- Activity -
Begin at the line that holds "dilemma endnu engang" and copy each line exactly until the data below ends, including that last line but no pictures.

- Data block -
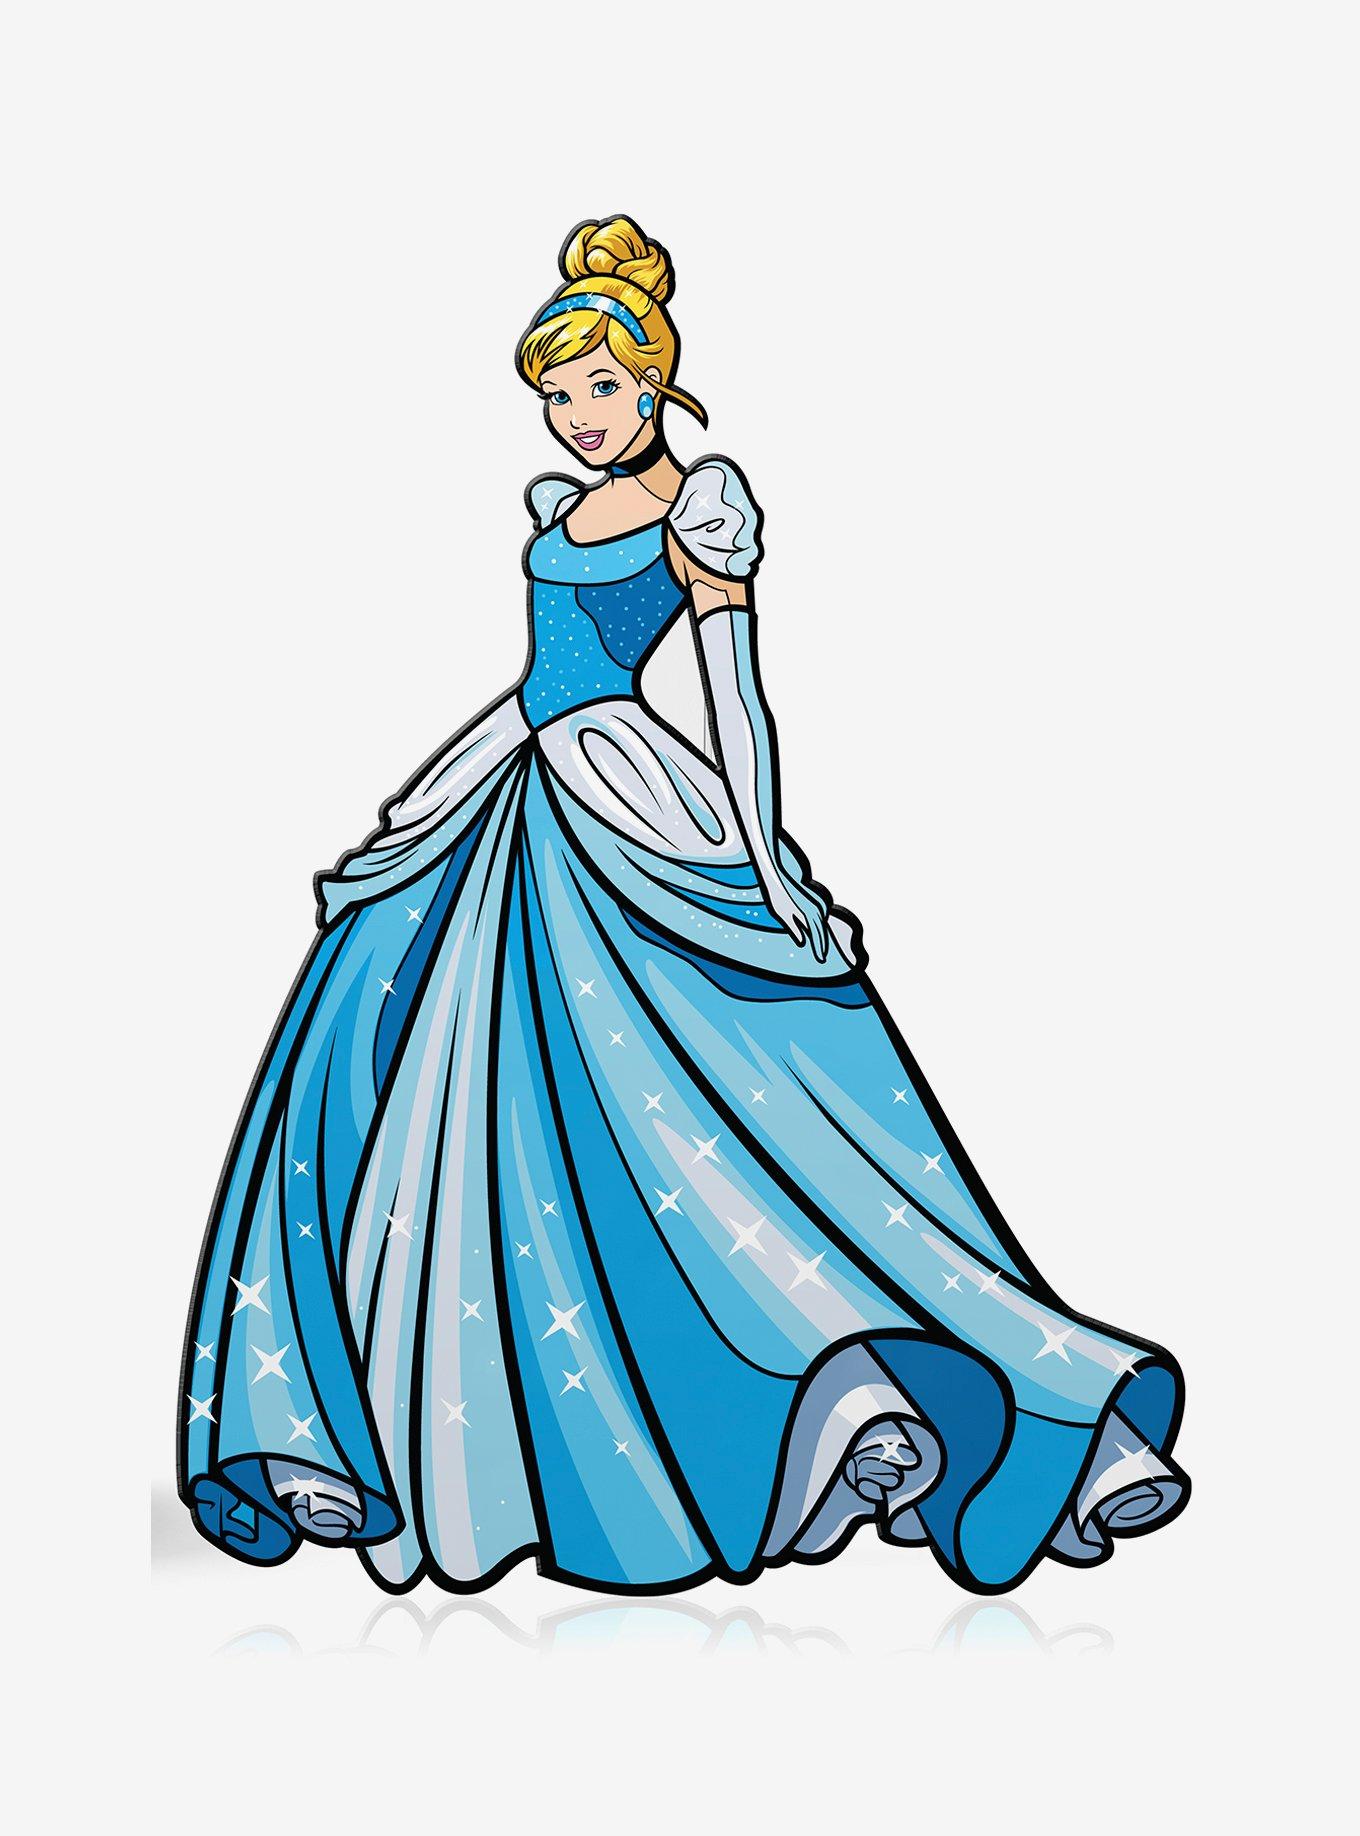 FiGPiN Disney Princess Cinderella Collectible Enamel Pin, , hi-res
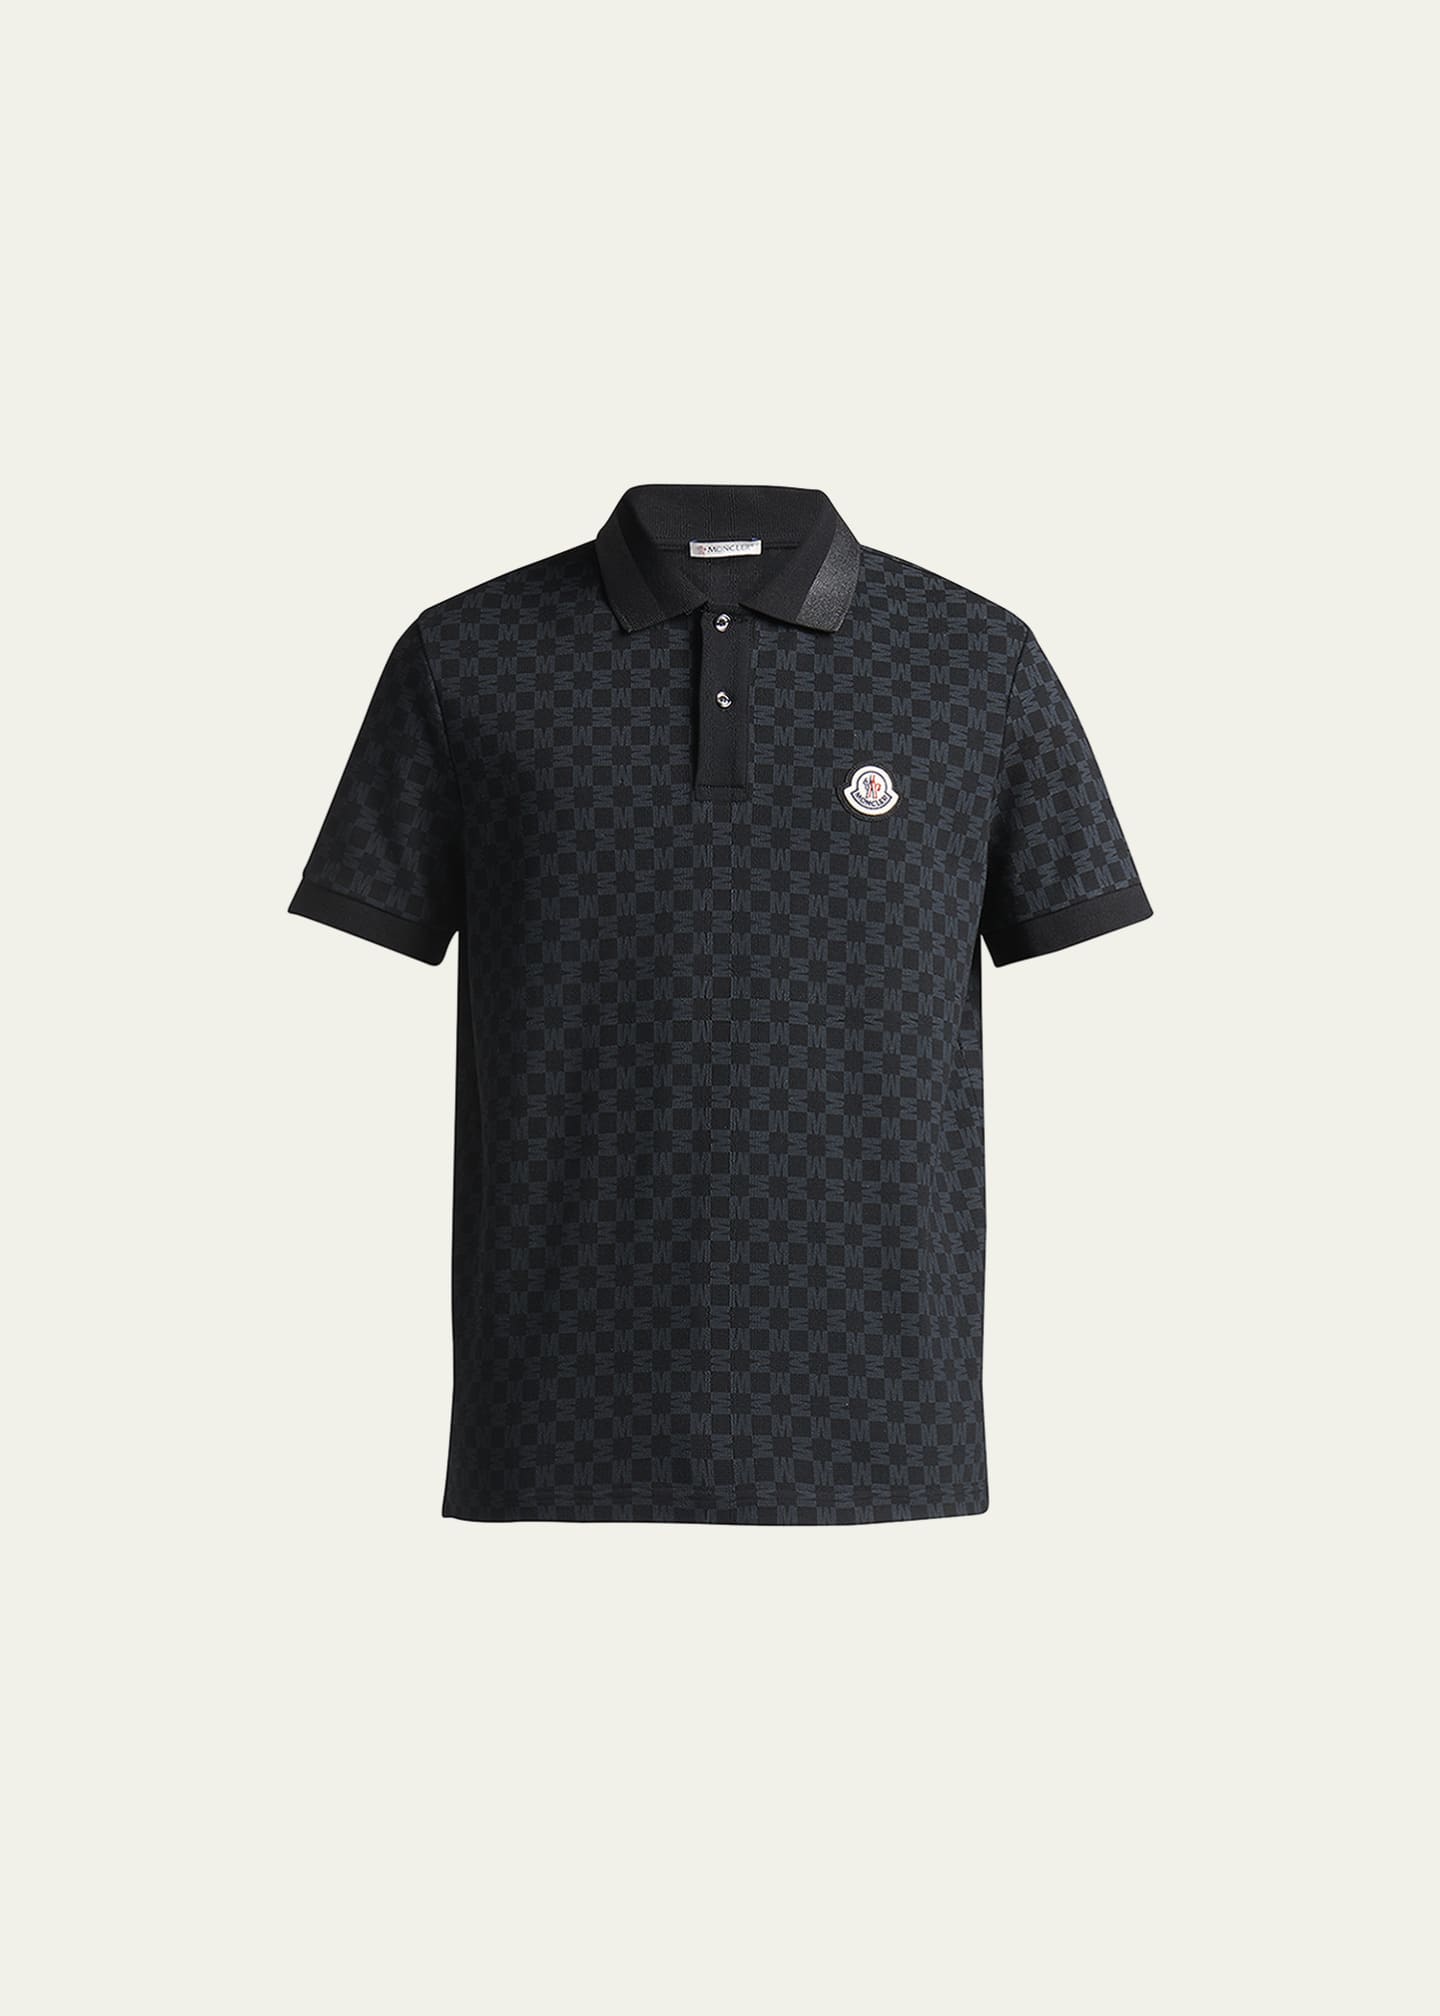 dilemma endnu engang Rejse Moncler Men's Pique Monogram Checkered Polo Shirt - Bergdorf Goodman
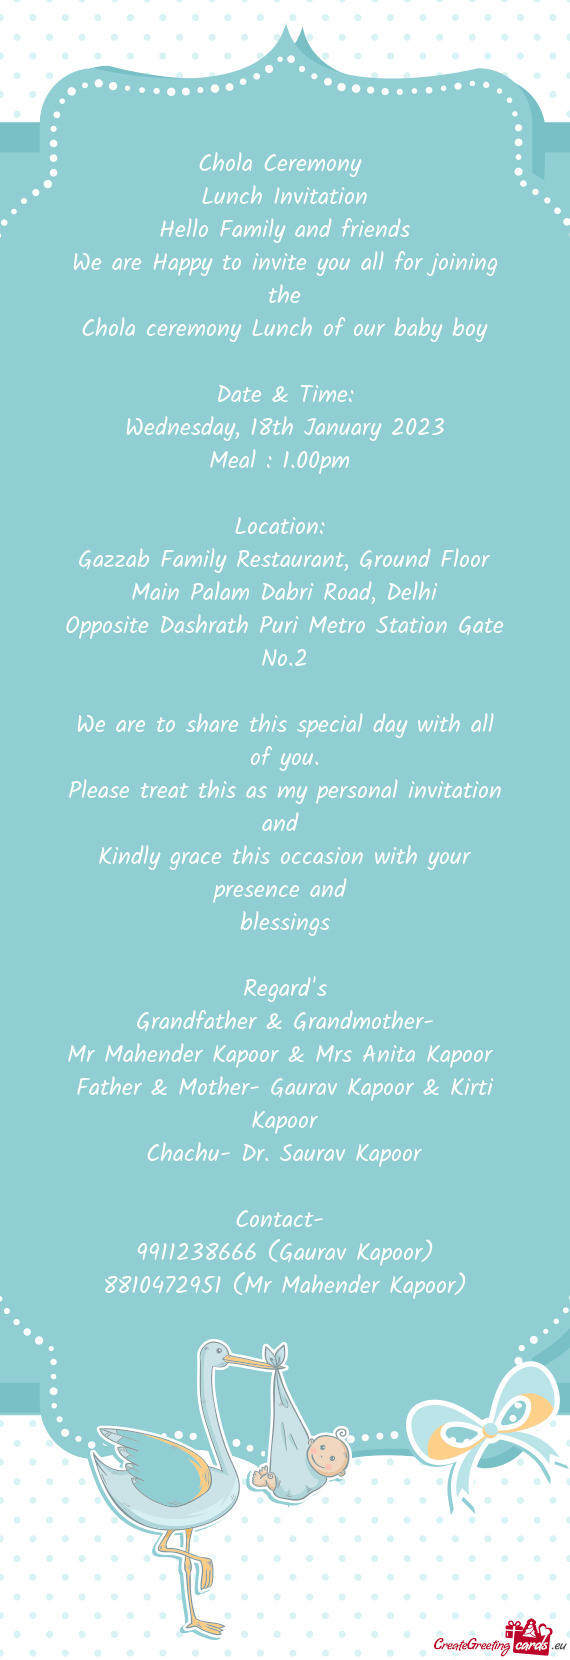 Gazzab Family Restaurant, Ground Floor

- Solved exercise -
 dilemma endnu engang Rejse Moncler Men's Pique Monogram Checkered Polo Shirt - Bergdorf Goodman
 Gazzab Family Restaurant, Ground Floor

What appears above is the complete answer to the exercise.